Taphonomic indicators used to infer wasteful subsistence hunting in northwest Alaska

Edgar O. ESPINOZA, Bonnie C. YATES, Mary-Jacque MANN, Alan R. CRANE, Kenneth W. GODDARD, James P. LeMAY, Kim W. SPECKMAN & Mark A. WEBB

en Anthropozoologica 25-26 - Pages 103-112

Published on 01 June 1998

This article is a part of the thematic issue Proceedings of the 7th ICAZ International Meeting, Constance, September 1994

Subsistence hunting allows the Inupiat and Yupik people to harvest walrus. Hunters pursue walrus at the edge of the receding ice floes, or if the opportunity arises, will shoot walrus in the open water (pelagic hunting).

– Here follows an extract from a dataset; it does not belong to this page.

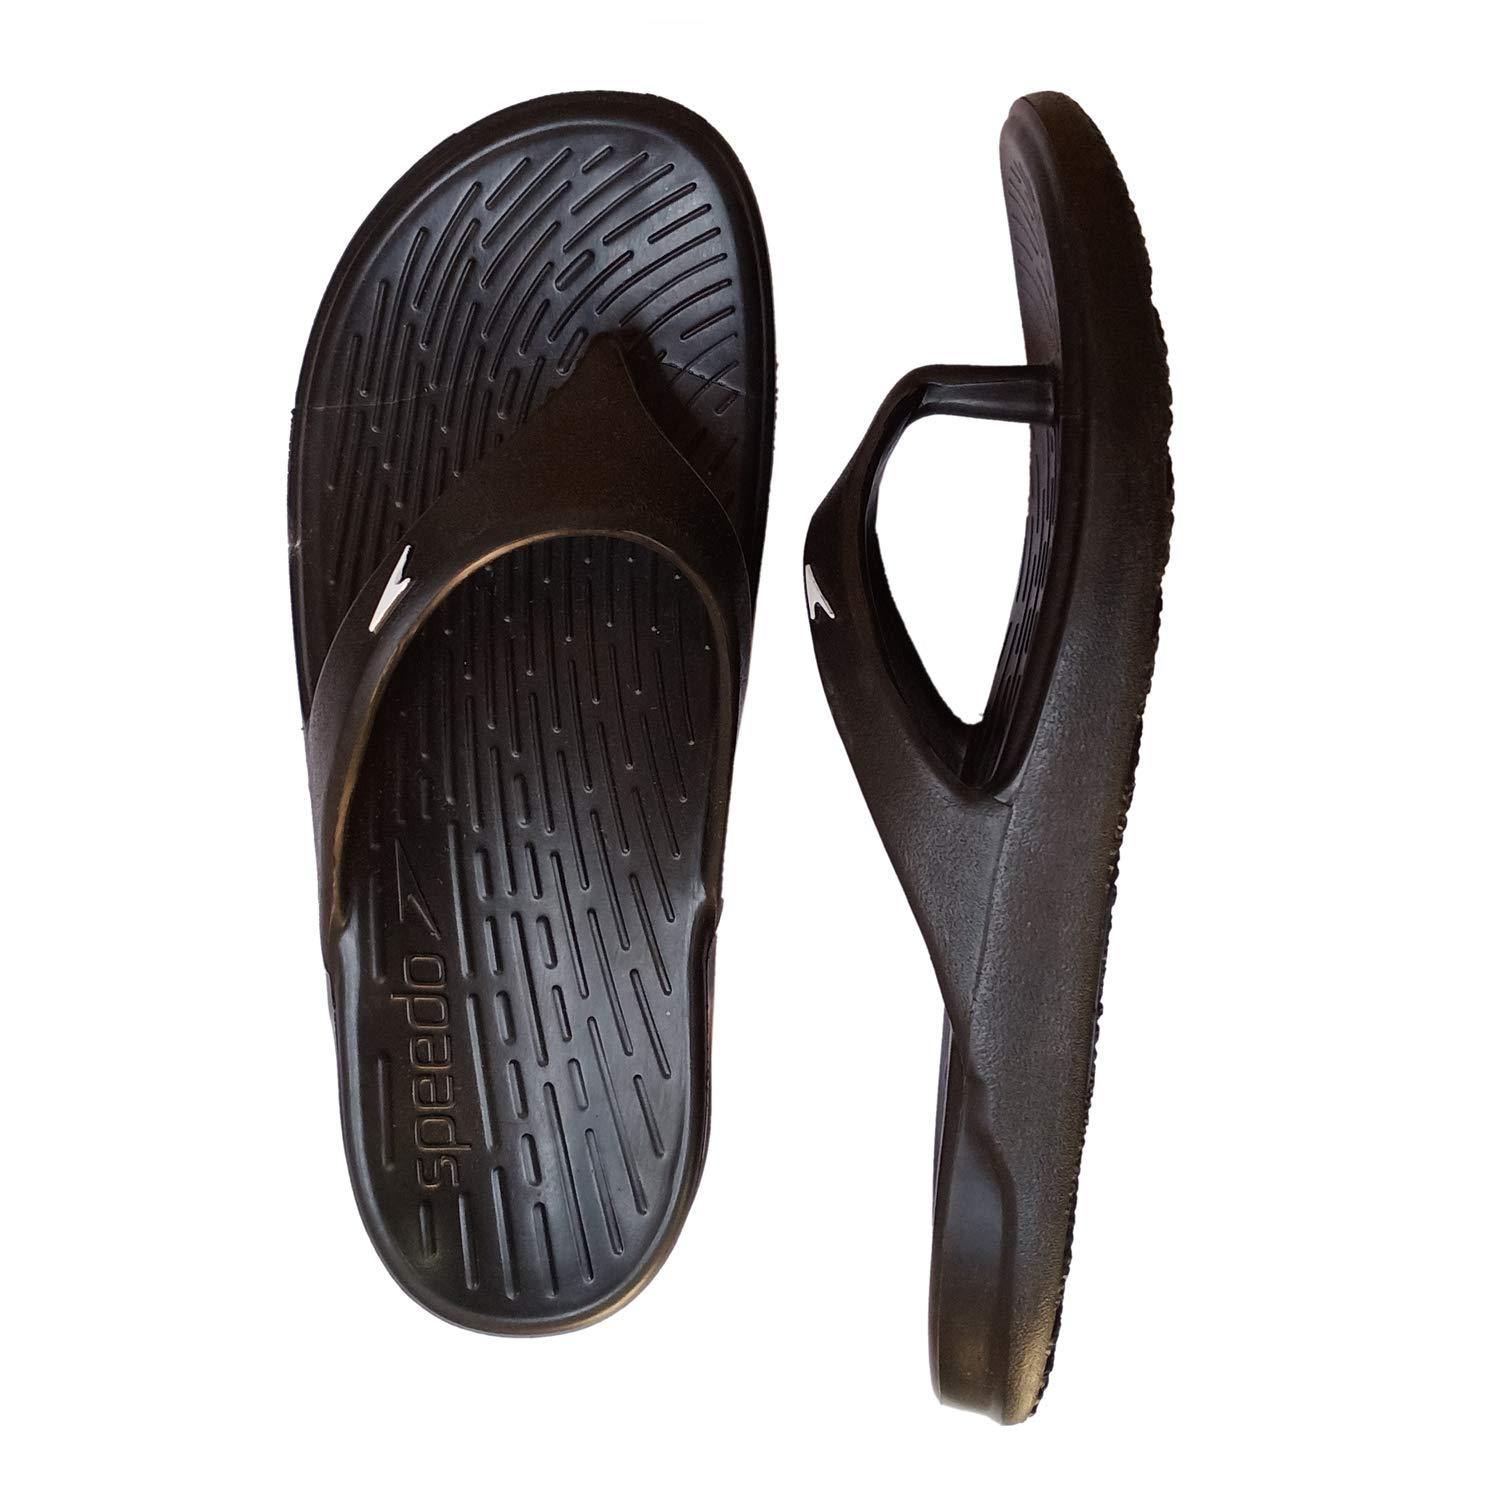 Speedo Extra-Light Water Resistant Swimming Junior Slippers - Unisex - Best Price online Prokicksports.com
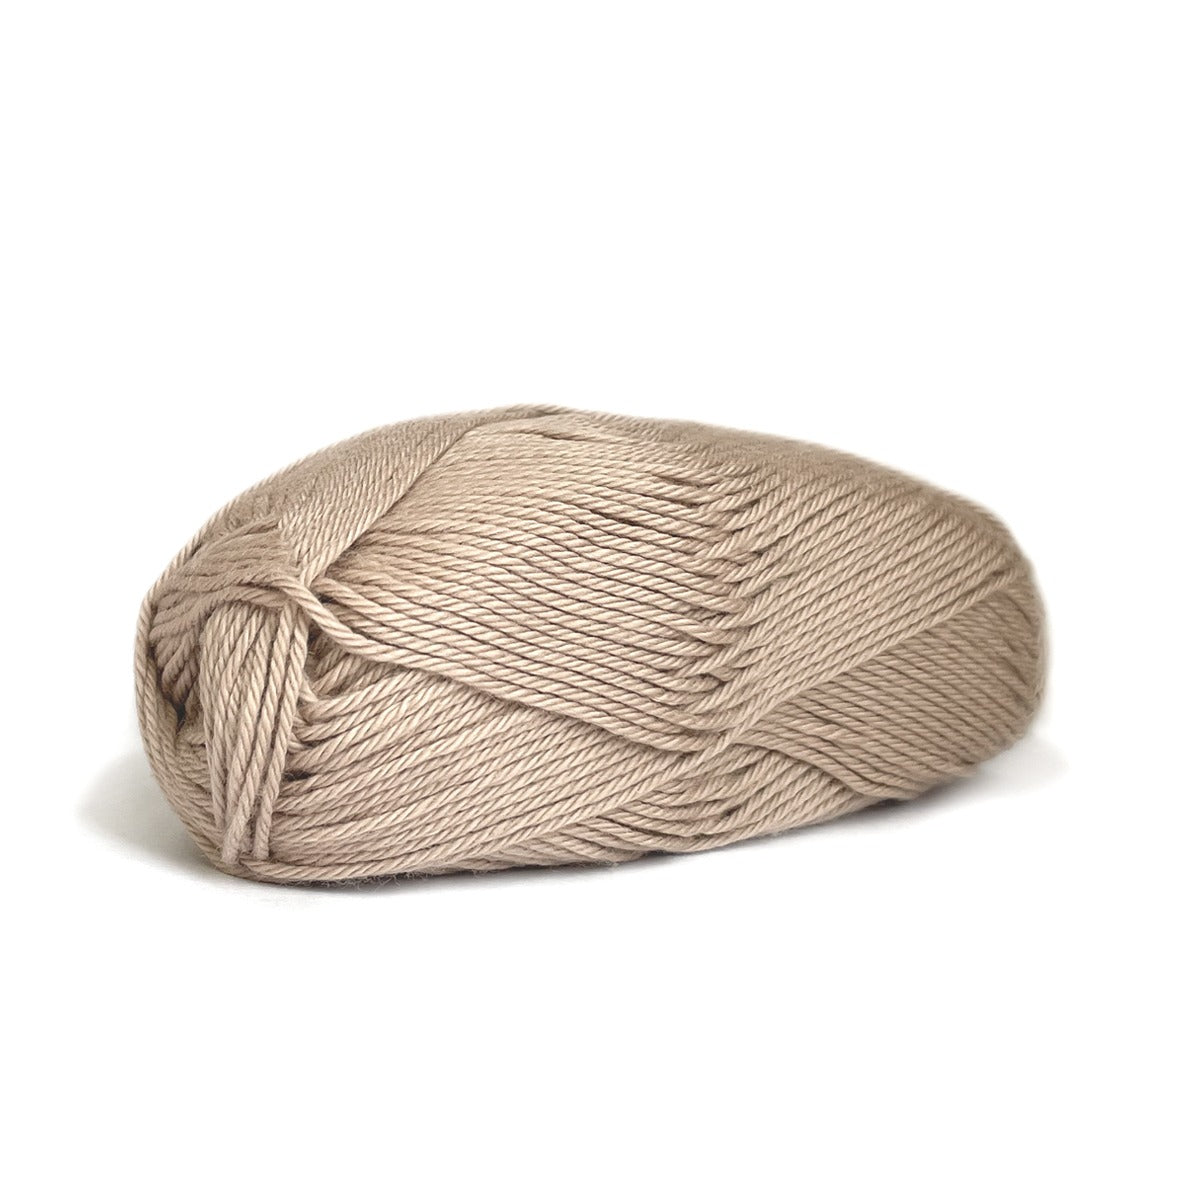 Mercerized Crochet Cotton Cape Top

Based on recent 9th District Court decisions, killing walrus and taking only the tusks is a violation of the wastage provision and is penalized by law. Surveys conducted on beaches indicated that some walruses are hunted only for their tusks (headhunting). The determination that the walruses are killed off shore is based on the "clean" appearance of exposed cervical vertebrae caused by arthropod scavenging during carcass drift. The conclusion of wasteful take is based on the examination of headless carcasses that had no meat taken.


Taphonomy, subsistence hunting, wastage, poaching.